Type of additionAverage cost
Bedroom$62,500 – $100,000
Bathroom$35,000 – $90,000
Kitchen$20,000 – $90,000
Family or living room$20,000 – $45,000
Attic$40,000
Laundry room$8,070
Dining room$20,000 – $45,000
Mudroom$8,000 – $16,000

Average costs from HomeAdvisor.

Erin Kinkade, CFP®, shared her perspective on when it might make sense to build an addition to your home: “…(As of November 2023,) we are in a high-interest-rate environment and a housing shortage. While interest rates are high, many people opt not to sell or buy, fearing they’ll get stuck with a high interest payment either way.

“Examples of when it might make sense to make additions to the home would be:

  • If somebody wants to stay in the home but needs to make changes for multiple reasons (such as health) 
  • To make it more retirement-friendly (adding leisure space)
  • Wanting to rent out the home but need to make additions or improvements to make the home more marketable (because more rentals are coming on the market, making the rental space more competitive)”

The cost of a home addition can depend on several factors, including the type of addition, the style, the materials, and where you live. 

The DIY approach might save money on labor costs, but a large-scale addition might not be a project you could handle yourself. In that case, you’ll also need to budget for hiring contractors, and additional expenses may be involved if you need to secure permits for construction. 

Taking time to plan your budget can help you avoid getting blindsided by unexpected costs. It can also help you decide which home improvement financing option makes the most sense.

FAQ

What credit score do I need for a home improvement loan?

The minimum credit score you’ll need for a home improvement loan can vary by lender, and some lenders have no minimum requirement. Others may prefer borrowers to have a score of 660 or better to get approved and secure the lowest interest rates. 

What is the typical interest rate for a home improvement loan?

A typical interest rate for a home improvement loan can be anywhere from 5% to 35%. Your exact rate will hinge on your credit history and other qualifications. Getting a lower rate on a home addition loan is ideal because it makes borrowing less expensive overall. A lower rate can also result in lower monthly payments. 

Can I deduct the interest on my home improvement loan?

Interest on a home equity loan or HELOC may be tax-deductible if you meet certain conditions. The IRS only allows a deduction when the proceeds of the loan are used to “buy, build, or substantially improve” the home the loan secures, and you itemize your deductions. Personal loan interest is never tax-deductible. 

What happens if I can’t repay the loan?

If you fail to repay a home improvement loan secured by your equity, your lender could initiate foreclosure proceedings against you. That could lead to the loss of the home. Failing to repay a personal loan or contractor financing may land you in small claims court if the lender decides to sue.

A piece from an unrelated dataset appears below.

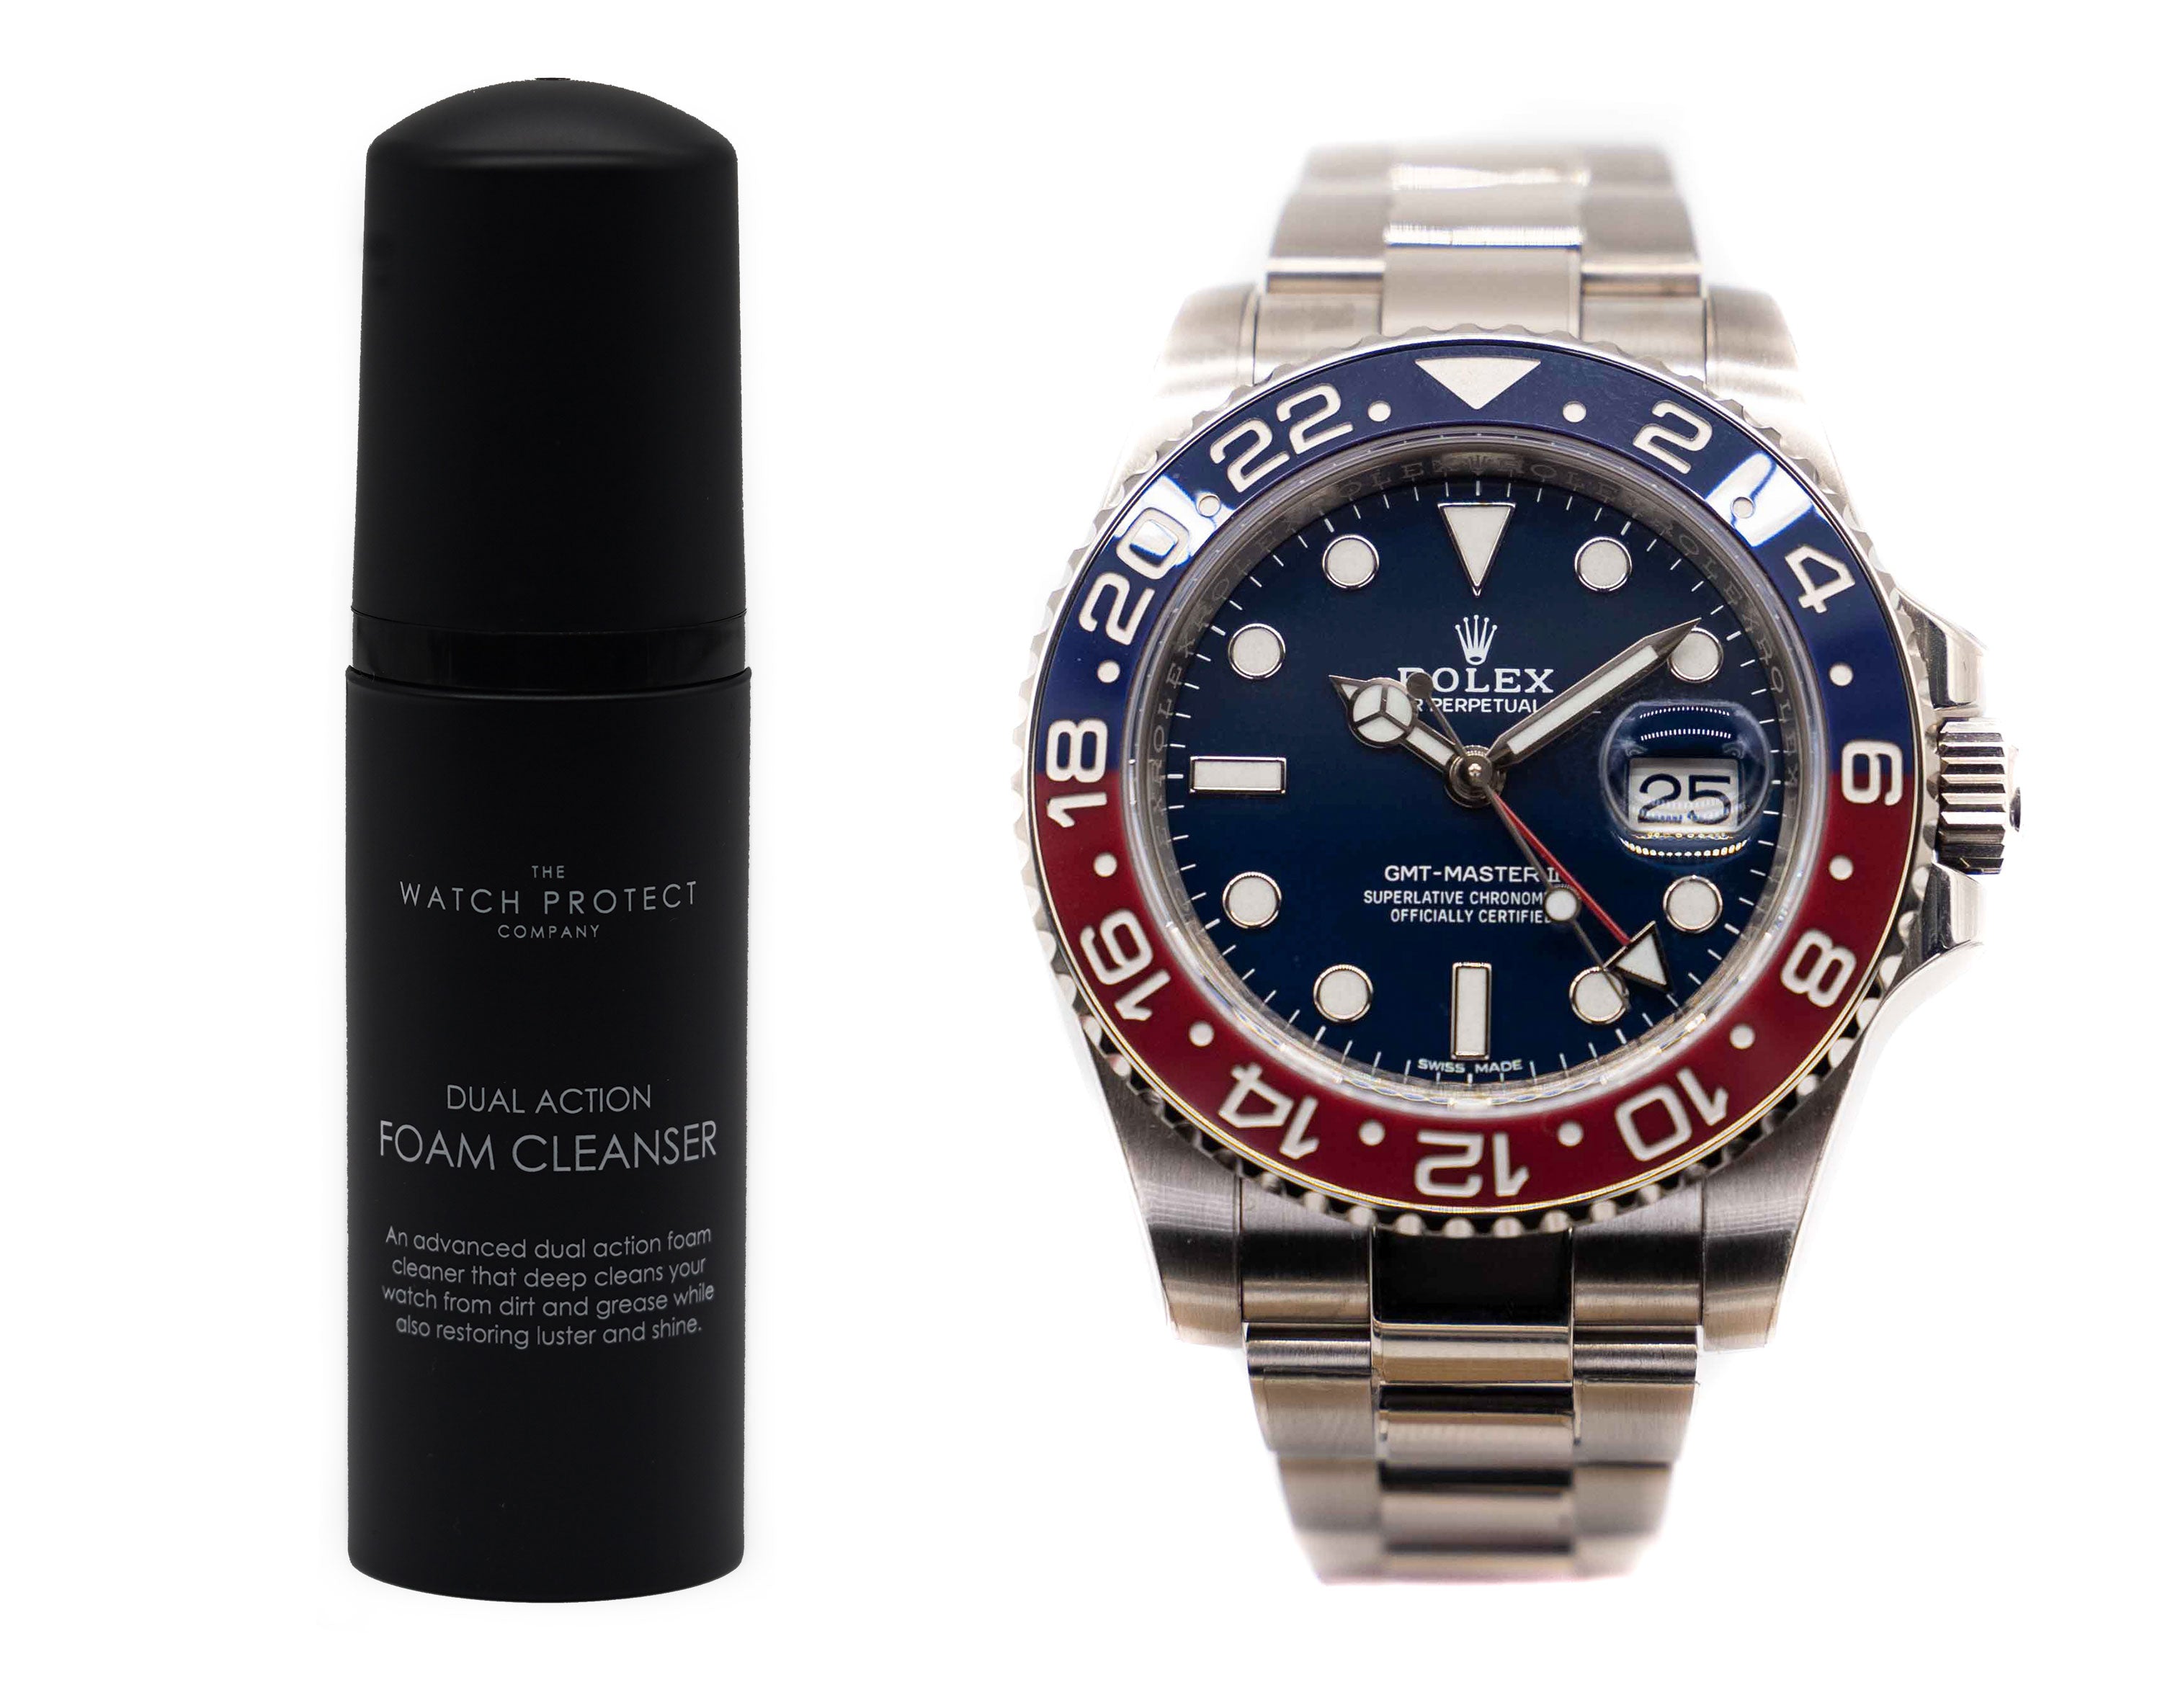 DUAL ACTION FOAM CLEANER & ROLEX GMT MASTER II 116710/126711 - TIER 3 - WATCH PROTECTION KIT BUNDLE

Is it better to take out a personal loan or use home equity for a home improvement project?

Whether it’s better to take out a personal loan or use home equity for home improvements can depend on how much you need to borrow, how much equity you’ve accumulated, and how comfortable you are leveraging it for a loan. Personal loans can carry fewer risks, but you might be able to borrow more by using your equity as collateral. 

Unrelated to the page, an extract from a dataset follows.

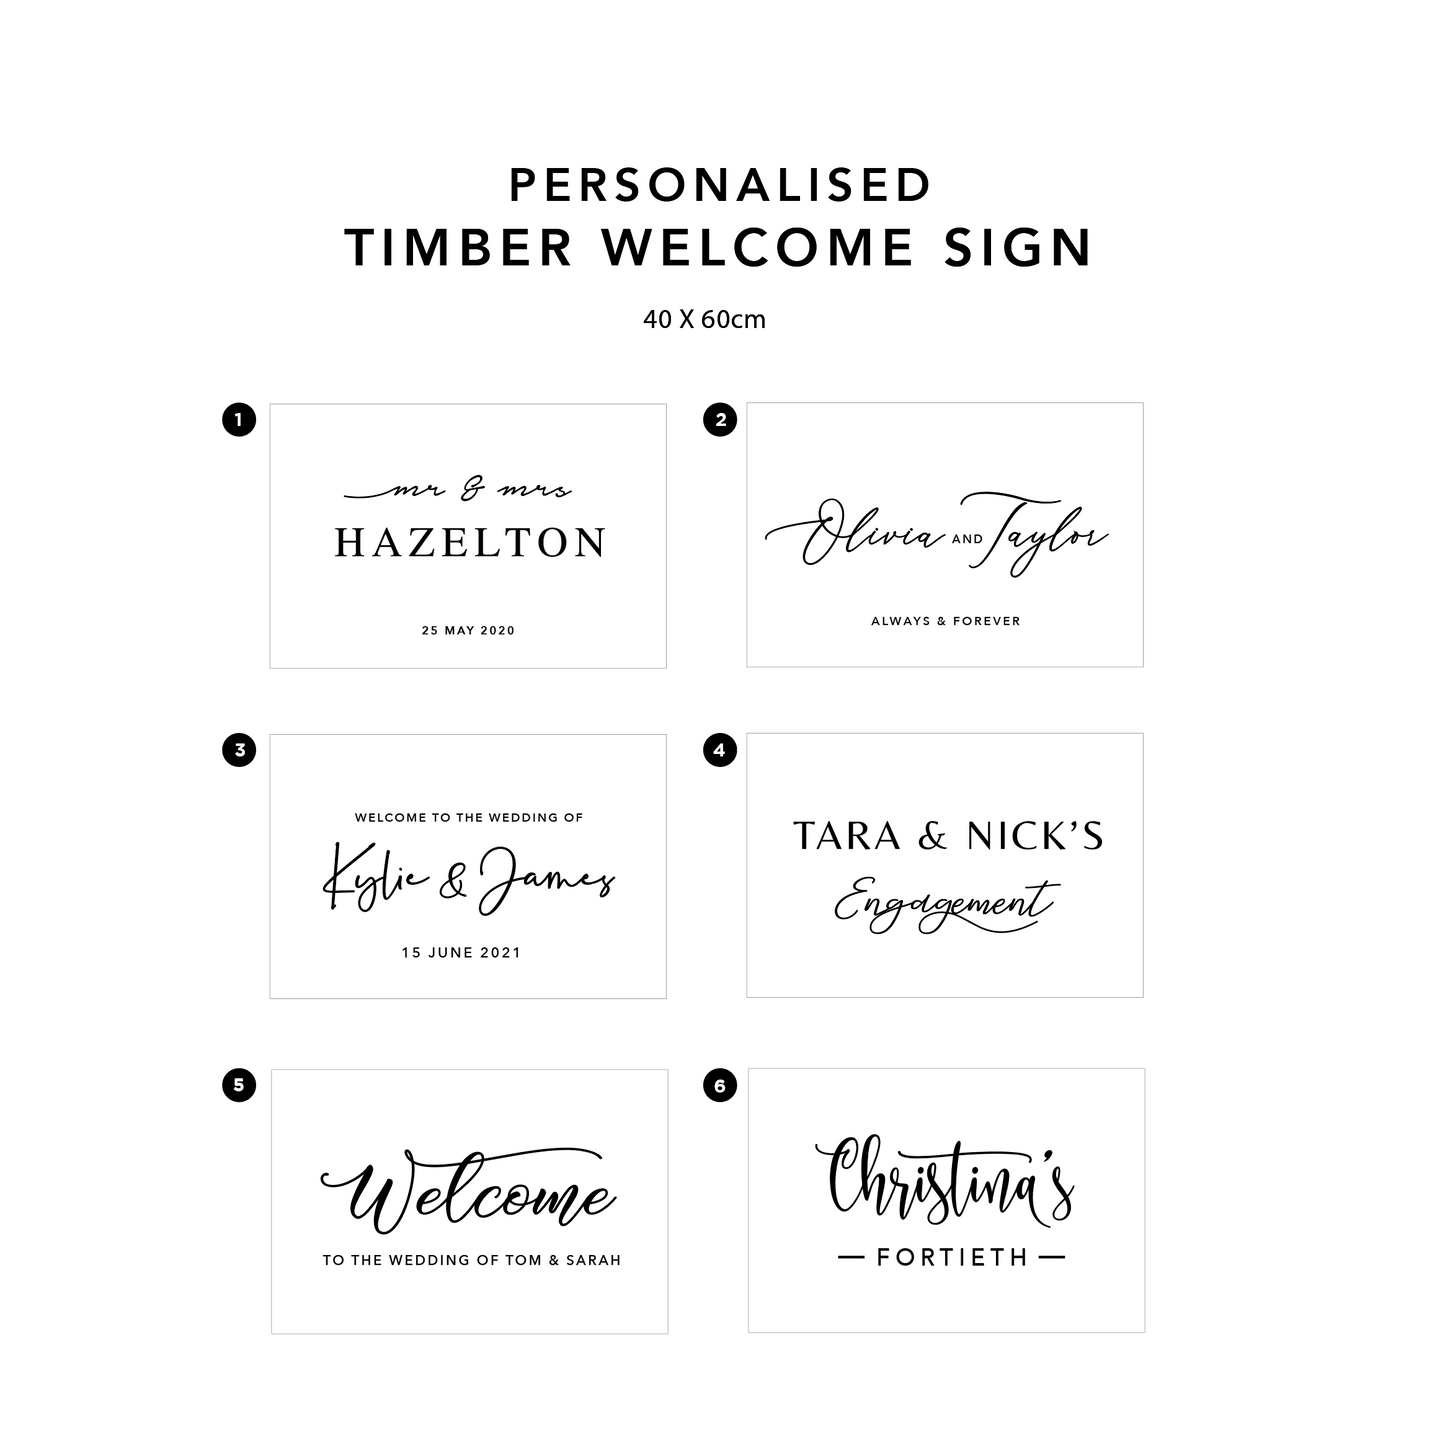 Personalised Timber Welcome Sign For Sale

Are any grants available for home improvements?

The Department of Agriculture sponsors the Section 504 loan program, which provides loans for home repairs or improvements to eligible borrowers. Loans are restricted to homeowners 62 and older with low income who can’t qualify for funding from another source. 

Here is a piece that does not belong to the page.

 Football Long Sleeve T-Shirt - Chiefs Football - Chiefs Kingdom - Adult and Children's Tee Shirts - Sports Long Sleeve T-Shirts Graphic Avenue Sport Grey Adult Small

How long does the approval process take for these loans?

The approval process for personal loans is often much faster than home equity loans or HELOCs. You might be able to get approved the same day, depending on the lender. Approval for a home equity loan or HELOC, on the other hand, may take several weeks. 

How do I determine how much financing I’ll need for my project?

Working out a detailed budget can help you decide how much financing you’ll need for a home addition. When creating your budget, factor in the cost of supplies and materials, labor if you’re hiring contractors, and any necessary permits. You may also want to add in a buffer of 10% extra to cover unexpected costs.